Elon Owns Twitter and Speech

Free Speech: After months of wrangling and litigation, Tesla billionaire Elon Musk late yesterday closed his $44 billion purchase of Twitter and immediately fired four top executives who were hustled out of the building. The world’s richest man, who describes himself as a “free speech absolutist,” says he will make Twitter a wide open unmoderated platform for all kinds of speech and debate, regardless of the content, and will even reverse the ban placed on former President Donald Trump.

  Twitter employs 7,500 people but has struggled in recent years to grow the business. Musk made an offer to buy it, then tried to back out, and the Twitter board sued to force him to buy.

Econ 101: The US economy grew slowly in the third quarter of the year — not a lot, but it was growing, not shrinking.

  Gross domestic product grew 0.6 percent after declining in the first two quarters. That’s a 2.6 annual rate. But with household and retail spending declining and the housing market cooling, this doesn’t mean the economy is averting a recession. A lot of analysts still think recession is coming.

  Even so, the Dow Jones finished up.

  On the downside, rates on a 30-year home mortgages hit 7 percent, their highest since 2002.

Potemkin Village: Russian President Vladimir Putin yesterday in a foreign policy speech railed against “foreign elites” threatening his country even while he fights in Ukraine. 

  In a speech laden with leaden terms of political ideology, Putin said Russia feels kinship with the West of “traditional, mainly Christian values.” But, he said, “there’s another West — aggressive, cosmopolitan, neocolonial, acting as the weapon of the neoliberal elite.”

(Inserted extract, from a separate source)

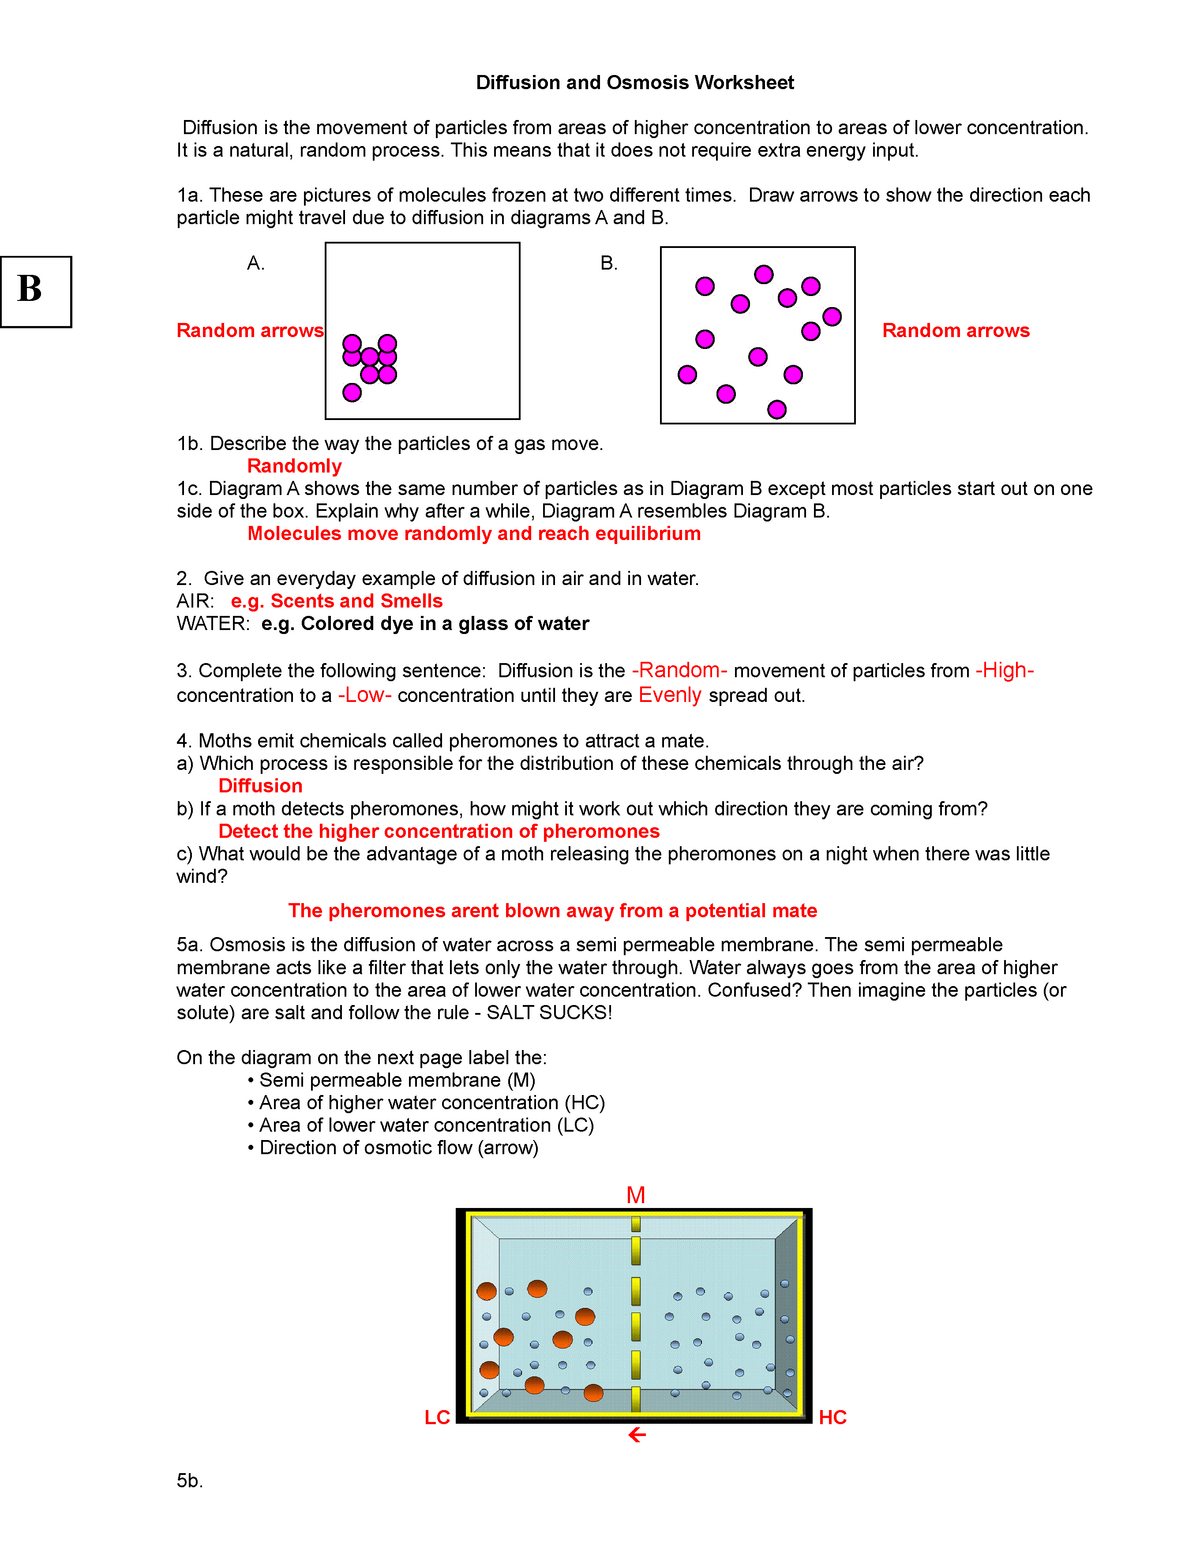 Diffusion and Osmosis Worksheet KEY 11 - StuDocu Inside Diffusion And Osmosis Worksheet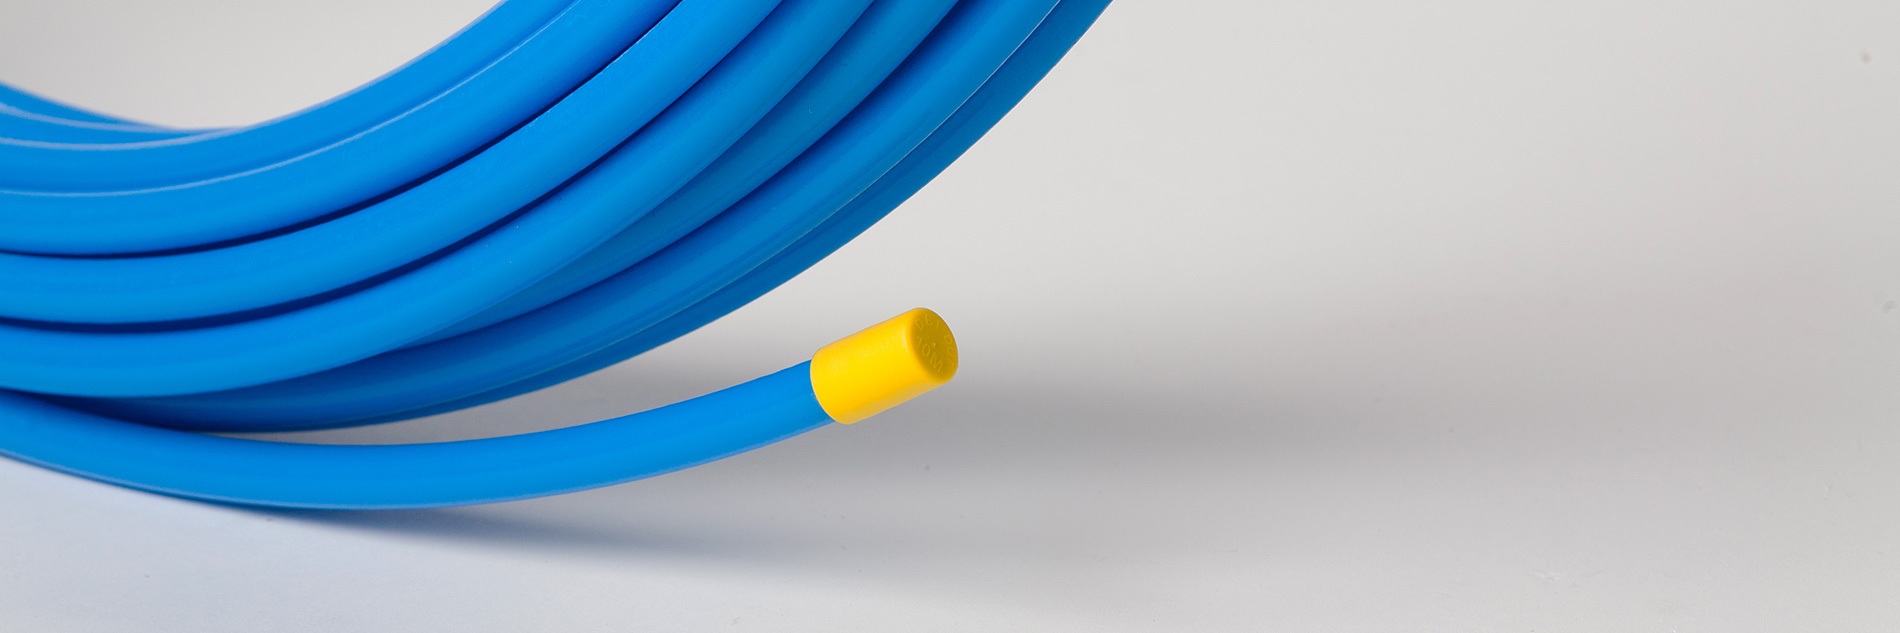 FLEXIRO polyethylene plastic pipe to retrofit an underfloor heating

  He also denied that Russia will use nuclear weapons in Ukraine.  

  Putin was claiming to be the victim of the West as he systematically destroys Ukraine. He says Russia is threatened by NATO, the European defense alliance formed to defend against …. Russia.

  This brings up Putin’s worship of the 18th century Prince Grigory Alexandrovich Potemkin, who was, in part, Putin’s inspiration for annexing Crimea and invading Ukraine. Potemkin, who was Catherine the Great’s lover, attempted to create a “New Russia” that included what is now Ukraine and Crimea.

  Putin had Potemkin’s remains taken from a cathedral in occupied Ukraine and presumably repatriated to the motherland.

  Potemkin is credited, fairly or not, with inspiring the term “Potemkin Village,” which describes an ideal-looking settlement that is merely a façade with nothing behind it. Potemkin is believed to have created portable fake villages for Catherine to see and convince her that the peasants were faring well.

  Putin is doing something like that now, trying to convince Russians that the country is doing well in Ukraine, although this time the villages are all bombed out facades. 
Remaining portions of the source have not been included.